**Work order:**
When you transcribe the listing that follows, keep every line exact and skip any picture.

**Material provided:**
▼

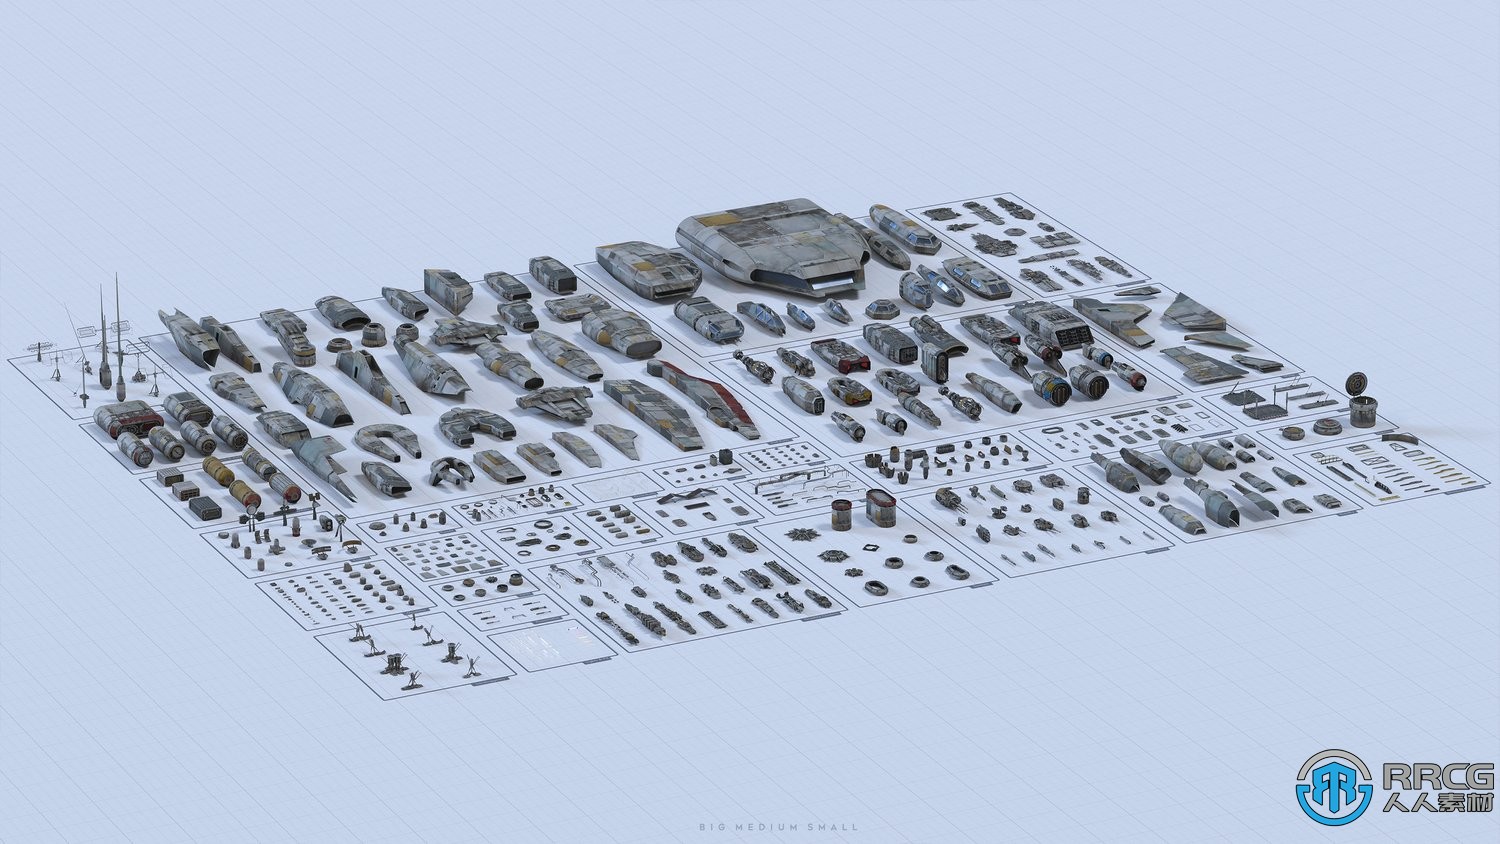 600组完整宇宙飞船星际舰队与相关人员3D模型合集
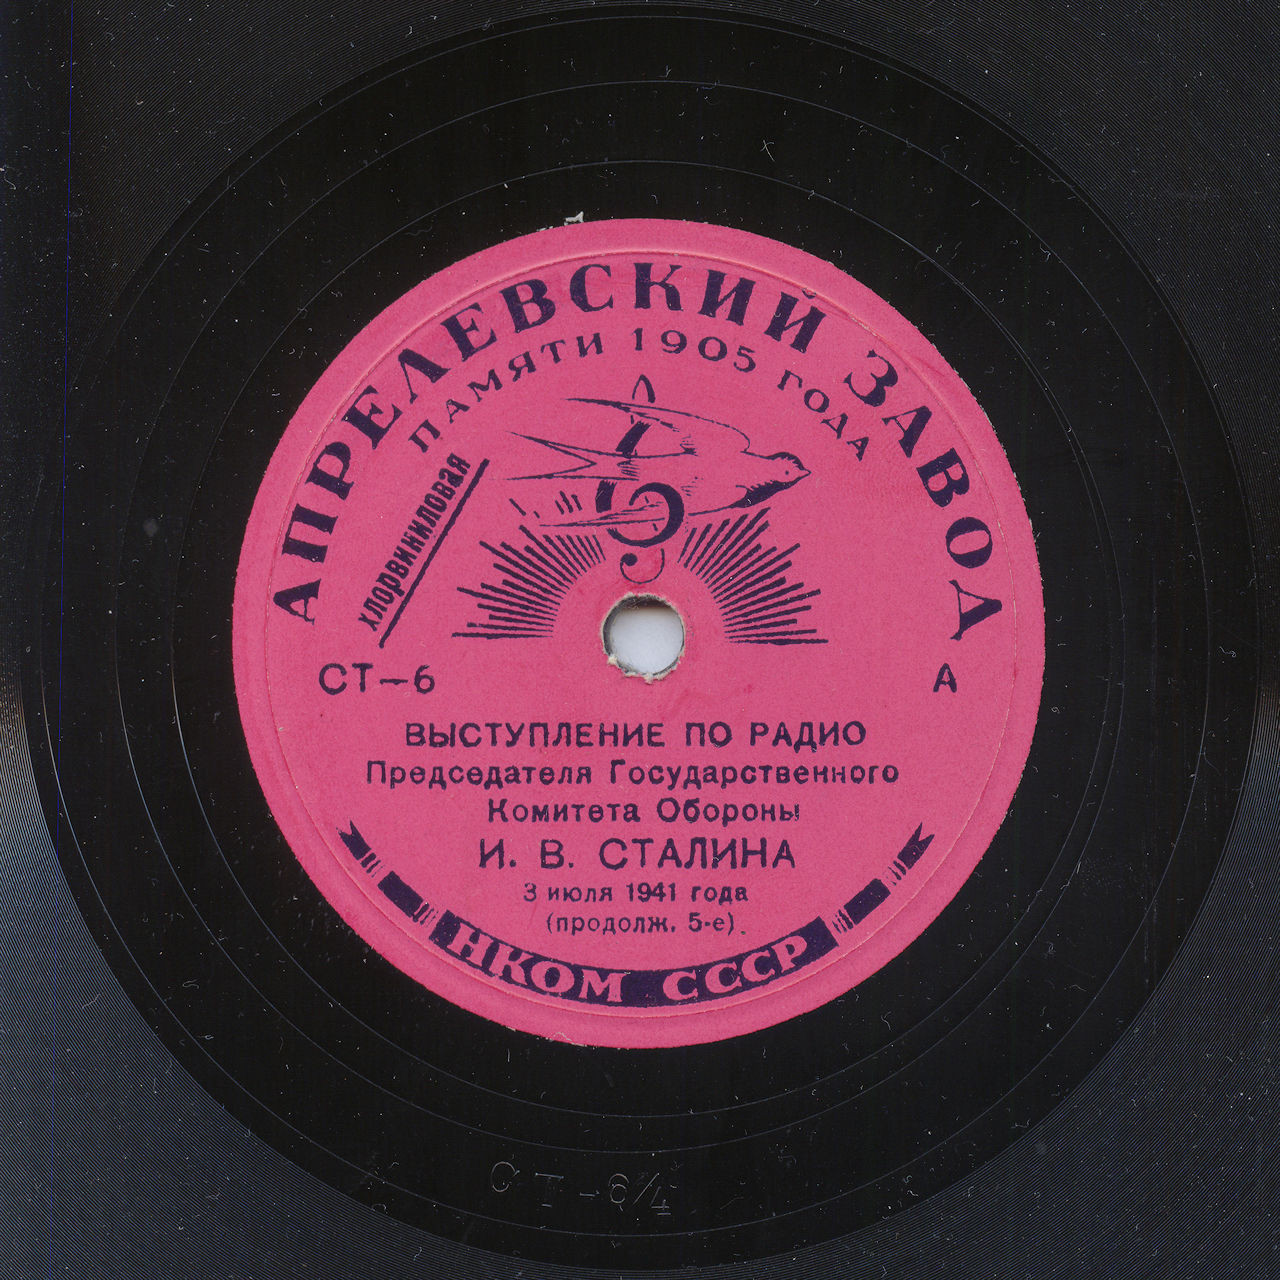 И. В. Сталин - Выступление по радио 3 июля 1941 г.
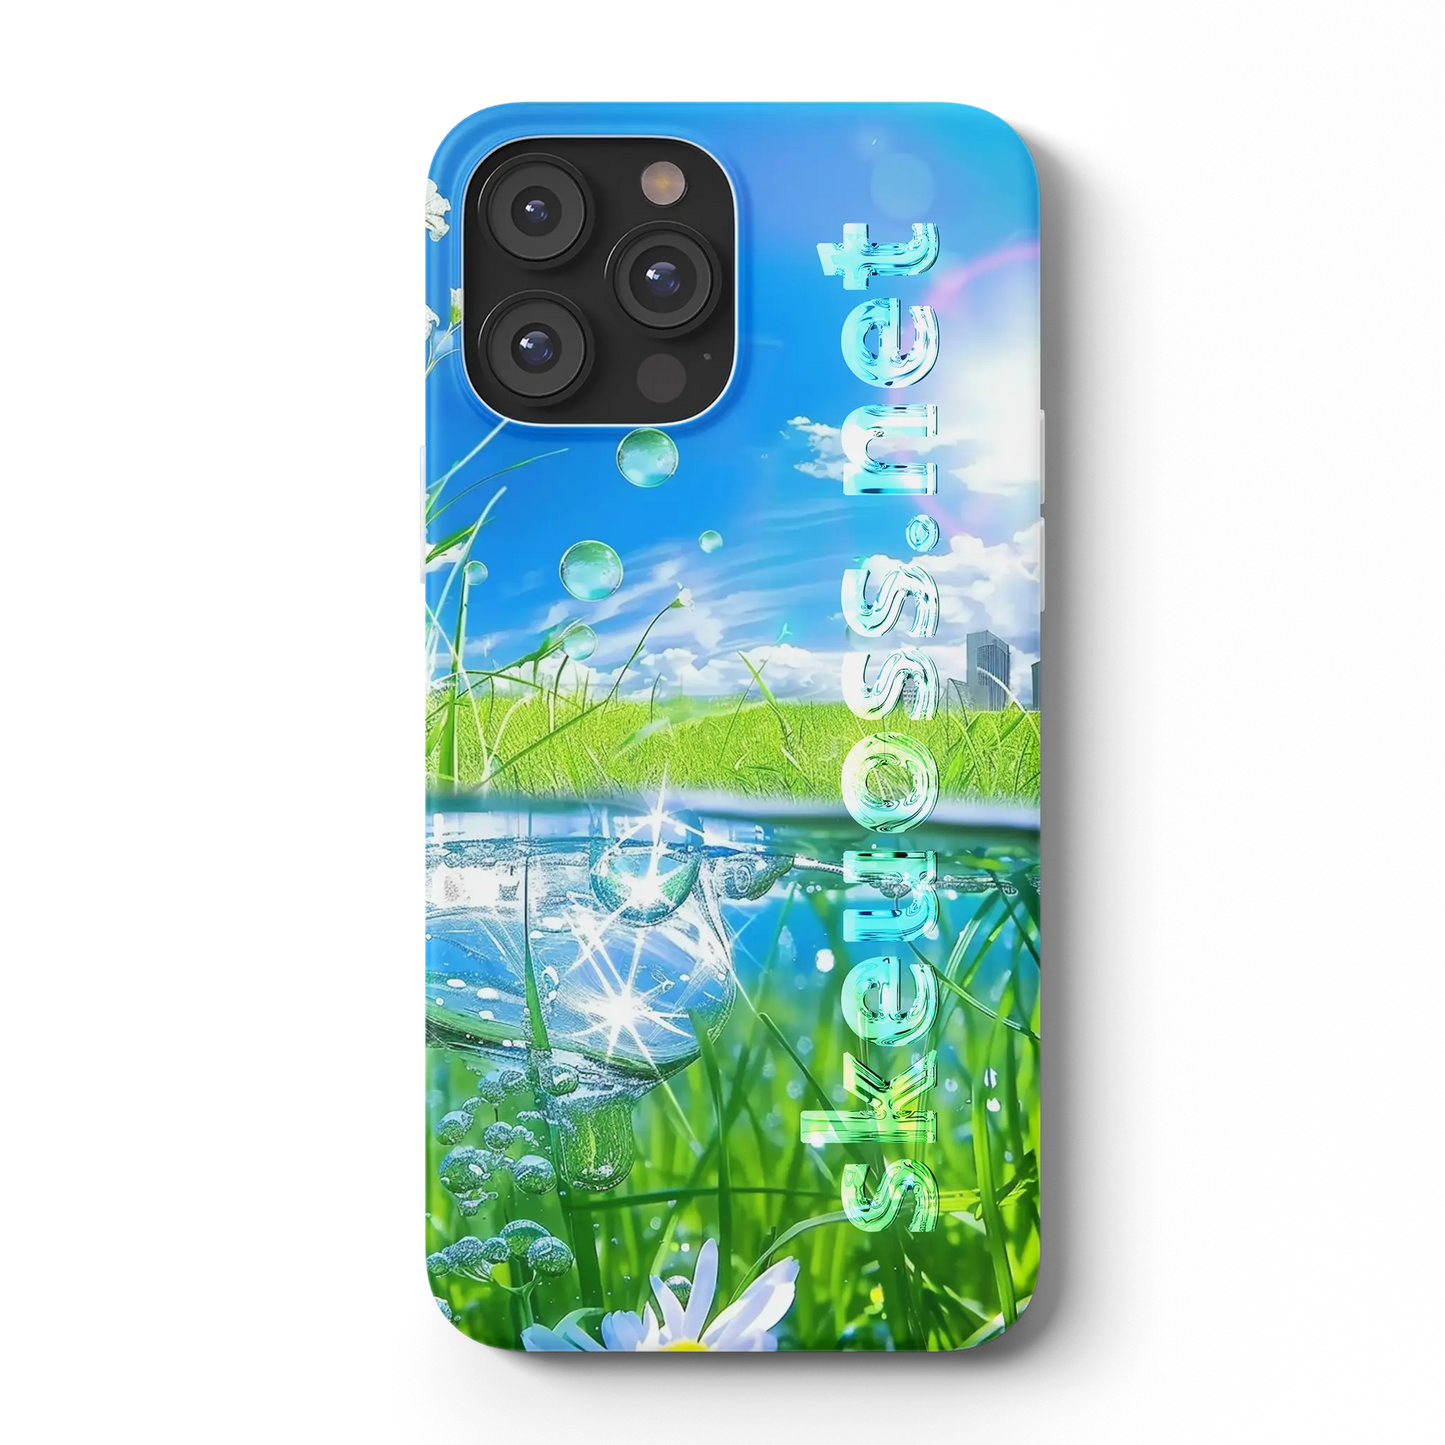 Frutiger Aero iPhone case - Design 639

▲

**Solution below:**
 600组完整宇宙飞船星际舰队与相关人员3D模型合集
 И. В. Сталин - Выступление по радио 3 июля 1941 г.
 Frutiger Aero iPhone case - Design 639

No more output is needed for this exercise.